The commander brought the ship nearer, and now Tzak-Navigator gasped with a fresh astonishment. “Grraf-Commander, this planet is dotted with force-cylinder generators. Not complete shells, but open to space at orbital height. And the beam-spread of each satellite’s light flux coincides with the edge of each force cylinder. No, not all of them; several of those circular areas are not bathed in any light at all. Fallow areas?”

“Or unfinished areas,” the commander grunted. “Perhaps we have discovered a project in the making.”
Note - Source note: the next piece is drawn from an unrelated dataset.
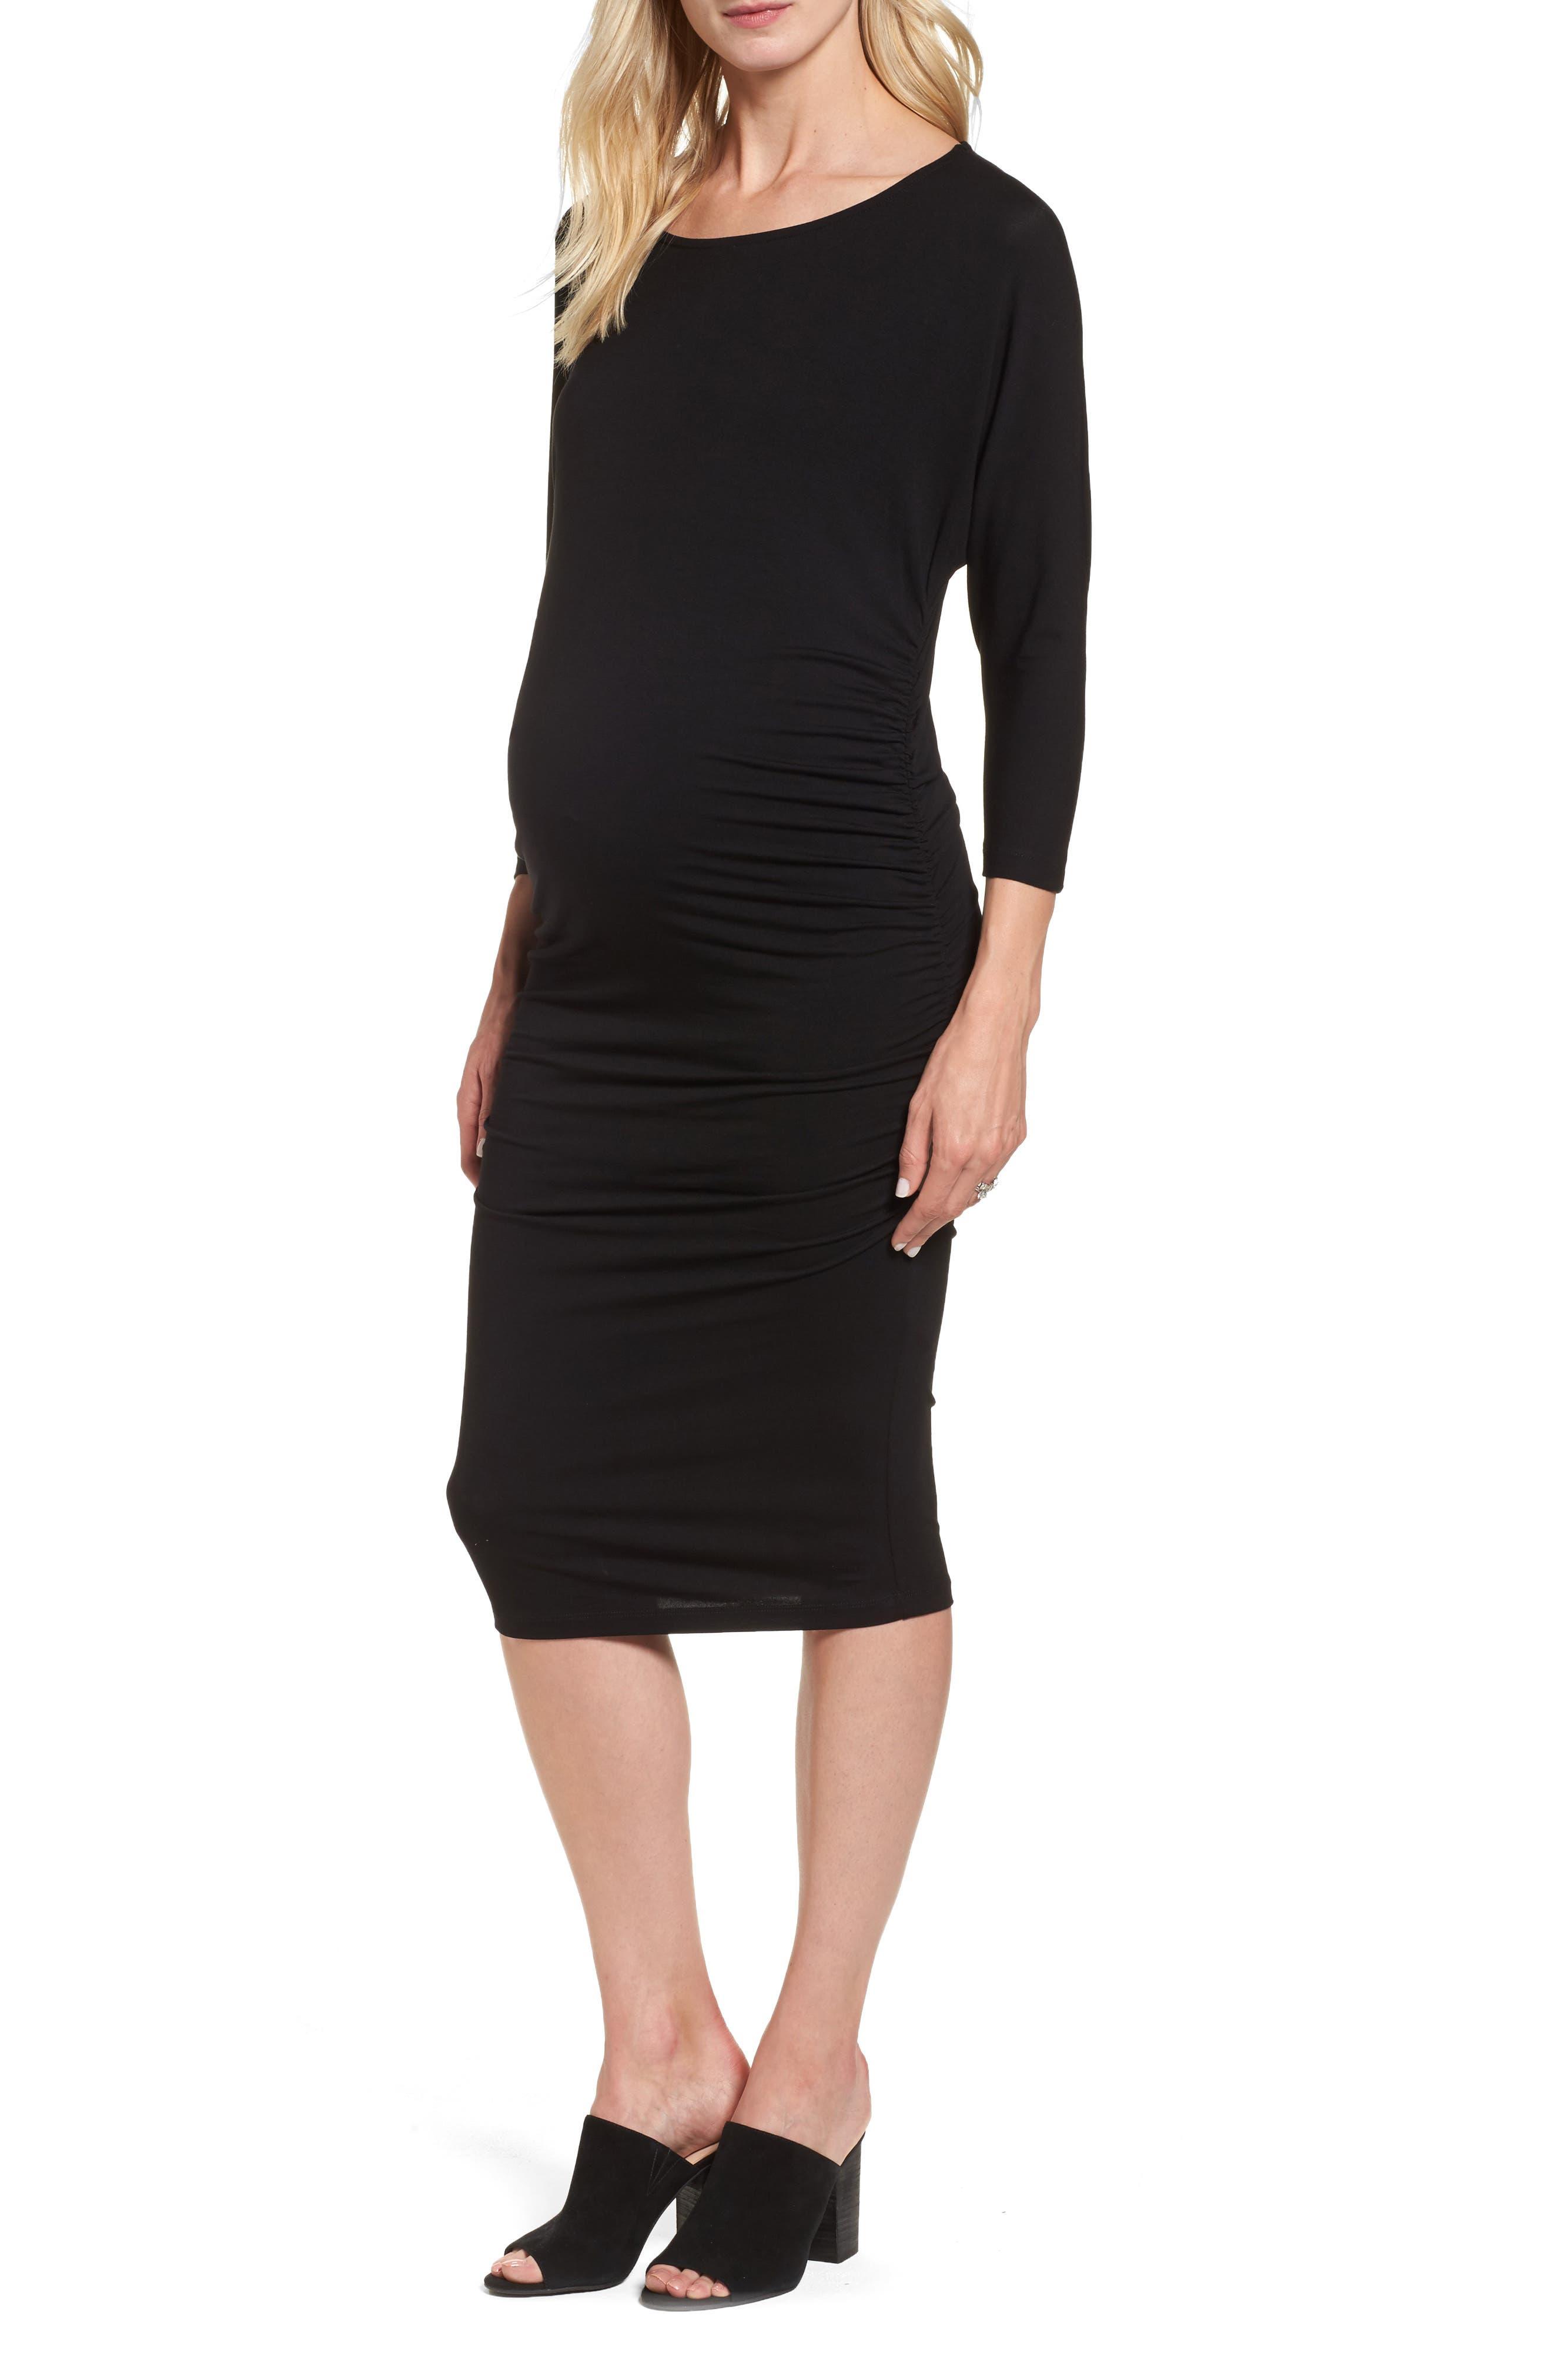 Jessa Maternity Dress,                             Main thumbnail 1, color,                             Caviar Black

Locklear saw blazes of blue, white, red, and yellow impinging in vast circular patterns on the planet’s surface. Almost as if someone had placed small models of Sirius, Sol, Fomalhaut, and other suns out here, he thought. He said nothing. If he orbited this bizarre mystery long enough, he might probe its secrets. If he orbited it too long, he would damned well die of starvation.

Then, “Homeworld,” blurted the astonished navigator, as the ship continued its close pass around this planet that was at least half the mass of Earth.

Locklear saw it too, a circular region that seemed to be hundreds of kilometers in diameter, rich in colors that reminded him of a kzin’s fur. The green expanse of a big lake, too, as well as dark masses that might have been mountain crags. And then he noticed that one of the nearby circular patterns seemed achingly familiar in its colors, and before he thought, he said it in Interworld:

“Earth!”

The commander leaped to a mind-numbing conclusion the moment before Locklear did. “This can only be a galactic prison—or a zoo,” he said in a choked voice. “The planet was evidently moved here, after the brown dwarf was discovered. There seems to be no atmosphere outside the force walls, and the planetary surface between those circular regions is almost as cold as interstellar deeps, according to the sensors. If it is a prison, each compound is well-isolated from the others. Nothing could live in the interstices.”